PC specification for Mascot Server

Introduction

Any recent, high specification PC containing either Intel or AMD processor(s) should make a suitable platform for Mascot. If you are buying a new PC, then a dual processor system, or one which can be upgraded to dual processors, will be a good investment. Systems with more than two processors usually carry a substantial price premium. If you plan to do high throughput work, and need to run Mascot on more than two processors, a cluster of dual processor boxes will usually offer the most cost effective solution.

If you don’t have time to read the whole of this document, then choose a system with the highest speed quad core processor(s) that are available, at least 4GB of RAM (preferably 8Gb), a 64 Bit operating system, and the largest SATA hard disks available (at least 500Gb). For a 2 CPU Mascot license, you will need a computer with 2 quad core processors.

This presentation, given at our ASMS Workshop and User Meeting in 2010 contains additional information.

Processor (CPU)

The two main PC processor manufacturers are Intel and AMD. Matrix Science does not currently support Mascot on other PC processors such as Itanium.

We have observed excellent scalability with dual processor systems running under Microsoft Windows and Linux. That is, throughput from a dual processor system comes very close to double that obtained from a single processor. However, we cannot predict or guarantee the scalability of Mascot on hardware configurations that have not been specifically tested.

Processor Speed

The main factors affecting Mascot performance are processor clock speed and number of cores.

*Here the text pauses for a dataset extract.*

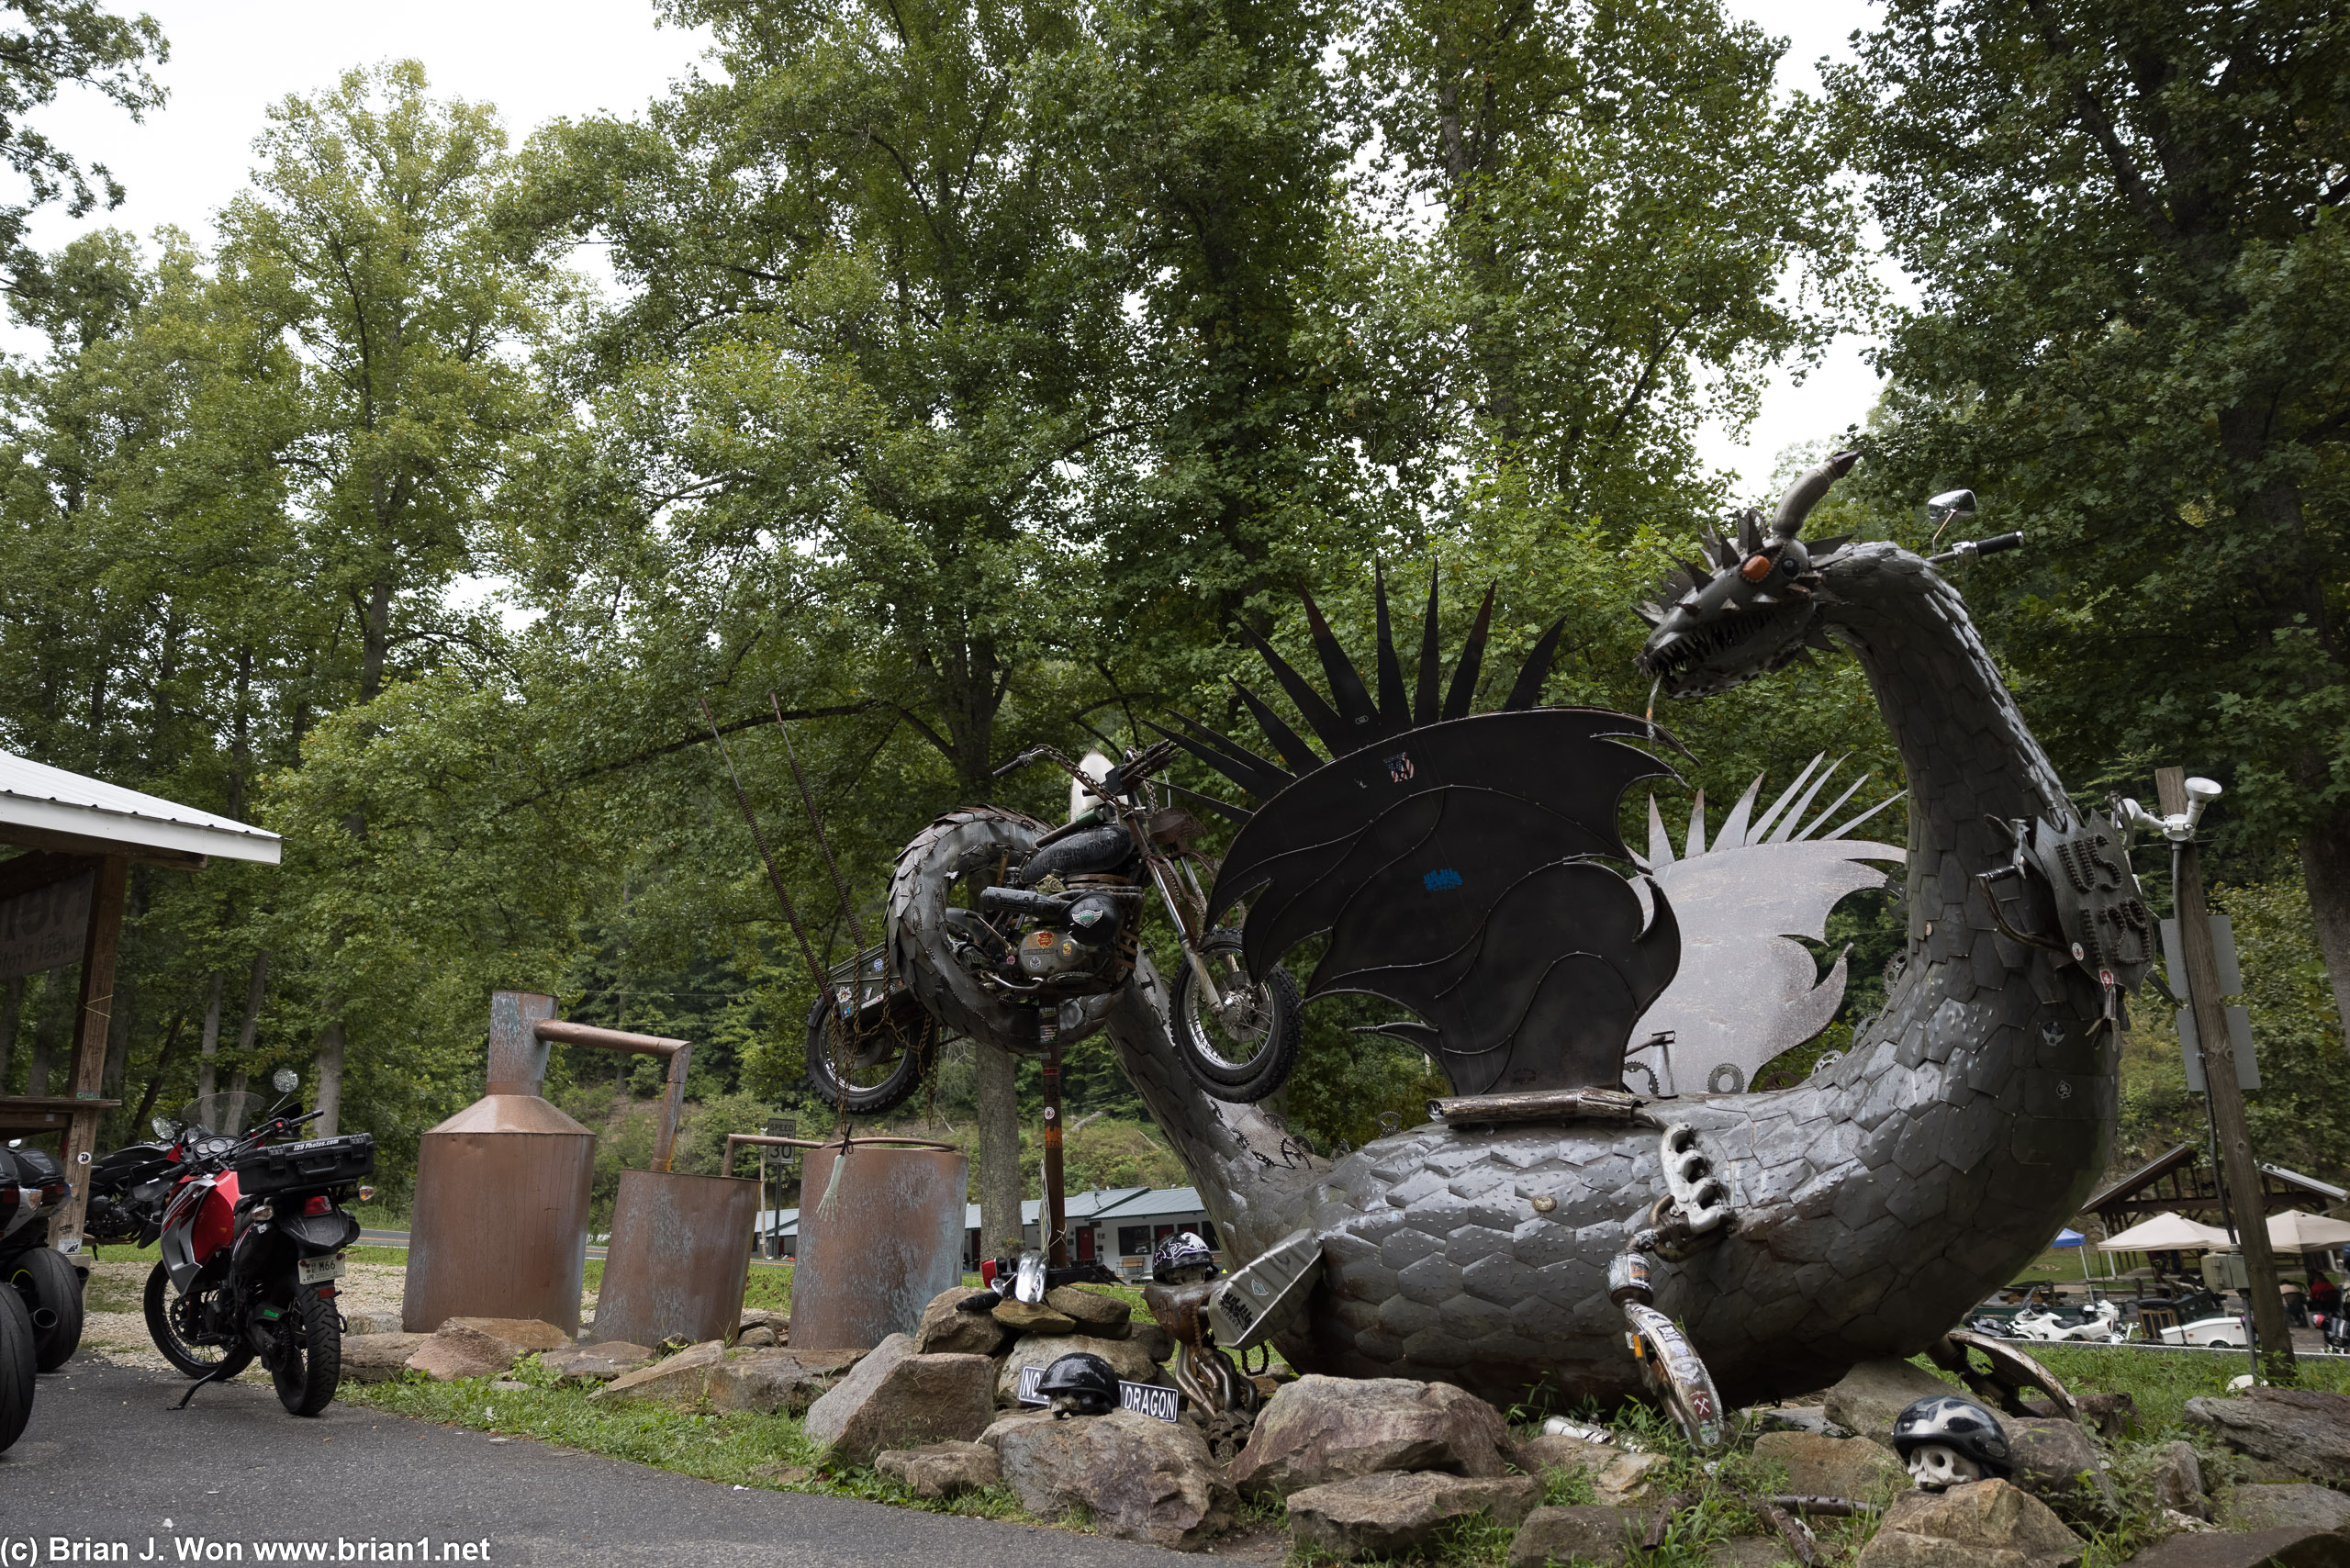 The dragon statue.

It is not possible to compare processor speeds directly for different architectures. For example, a system with a 1.8GHz AMD Opteron will run a Mascot search in about the same time as another system with a 3.2GHz Intel Xeon processor. For any given processor type, the search speed will be to be proportional to processor speed unless:

  • Disk access becomes a bottleneck, possibly because the FASTA sequence database has to be read into memory from disk (see section on RAM below) or
  • The processor cache is too small and causes a bottleneck between processor and memory.

Multiple Cores

Intel and AMD both released their first dual core processors in early 2005. Most Mascot searches scale linearly with the number of cores.

Mascot 2.3 supports up to 4 cores per licence. For example, to use all cores on a system with:

  • 1 x quad core processor requires a single processor Mascot licence
  • 1 x eight core processor requires a dual processor Mascot licence
  • 2 x dual core processors requires a single processor Mascot licence
  • 2 x 6-core processors requires a 3 processor Mascot licence

For versions of Mascot prior to Mascot 2.3 on systems with dual or quad core processors, Mascot is licensed on a “per socket” basis. A system with 2 x dual core processors, for example, requires a 2 cpu Mascot license to use all 4 cores.

Mascot 2.2 is configured so that it will not run on a system with more than 4 cores per physical cpu. So, six core processors, for example, are not supported with Mascot 2.2. Support for processors with more than 4 cores was introduced in Mascot 2.3. For Nehalem quad core processors, version 2.2.06 or later (patch available here, is required.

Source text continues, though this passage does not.